Ces doutes et ces réserves (et quelques autres dont nous n’avons pas parlé) doivent inciter à la prudence : le PNB ne peut être utilisé comme une mesure bien nette du bonheur ou de la satisfaction sociale. L’économiste Edward Denison remarquait un jour que rien sans doute n’influe autant sur le bien être économique national que les conditions météorologiques, qui n’interviennent nullement dans la totalisation du PNB ! Si les États Unis ont un PNB par habitant plus élevé par exemple que celui du Japon, cela ne veut pas dire que la vie y soit plus facile ; peut être y est elle même plus dure. D’ailleurs, c’est à peu près ce que suggèrent les indices de criminalité ou d’action sanitaire et sociale.

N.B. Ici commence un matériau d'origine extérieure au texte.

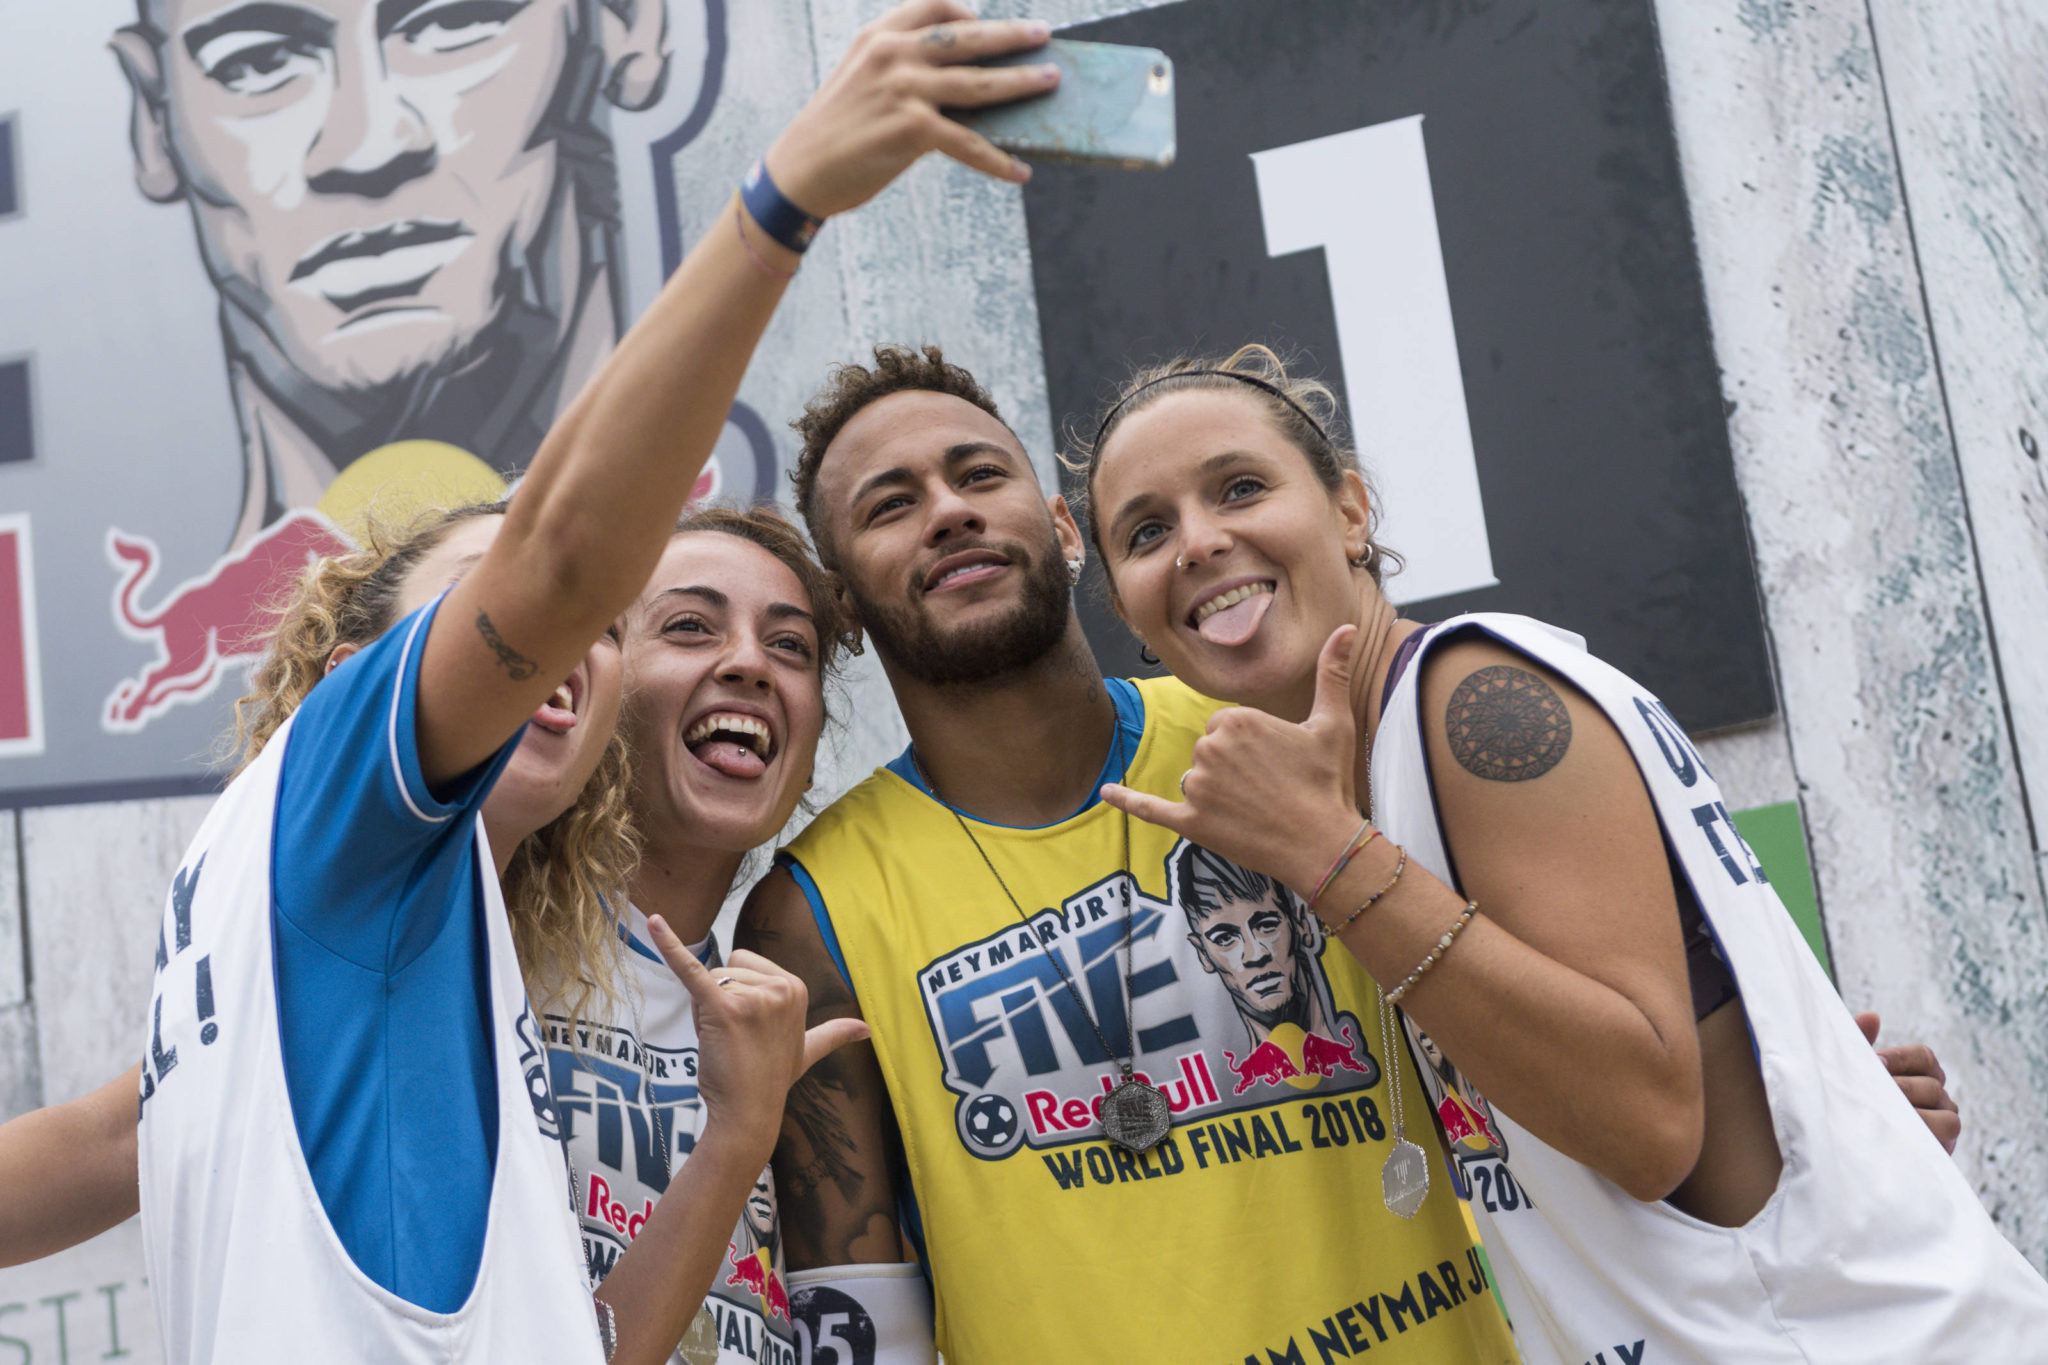 Red Bull Neymar Jr’s Five: arriva a Genova l’evento che regala il sogno di incontrare la stella brasiliana

Malgré tous ses défauts, le PNB reste le moyen le plus simple dont on dispose pour résumer le niveau général d’activité de l’économie. Pour étudier le bien être, il est préférable de se pencher sur des indices sociaux spécifiques durée de vie, conditions de santé, qualité et bon marché des soins médicaux, variété et abondance de la nourriture, etc. que l’on ne saurait extraire des seuls chiffres du PNB. Mais on ne s’intéresse pas toujours au bien être, notion trop complexe pour être ramenée à une mesure unique. Par exemple, les indices d’action sanitaire et sociale ou de criminalité sont meilleurs au Japon qu’aux États Unis, mais non l’indice de l’espace habitable par personne. Il existe quantité d’autres données que l’on peut consulter. Le PNB possède l’avantage immense d’être facilement accessible, et de représenter, pour le meilleur ou pour le pire, un étalon couramment accepté par la plupart des pays du monde. Il restera encore longtemps un terme clé du vocabulaire économique.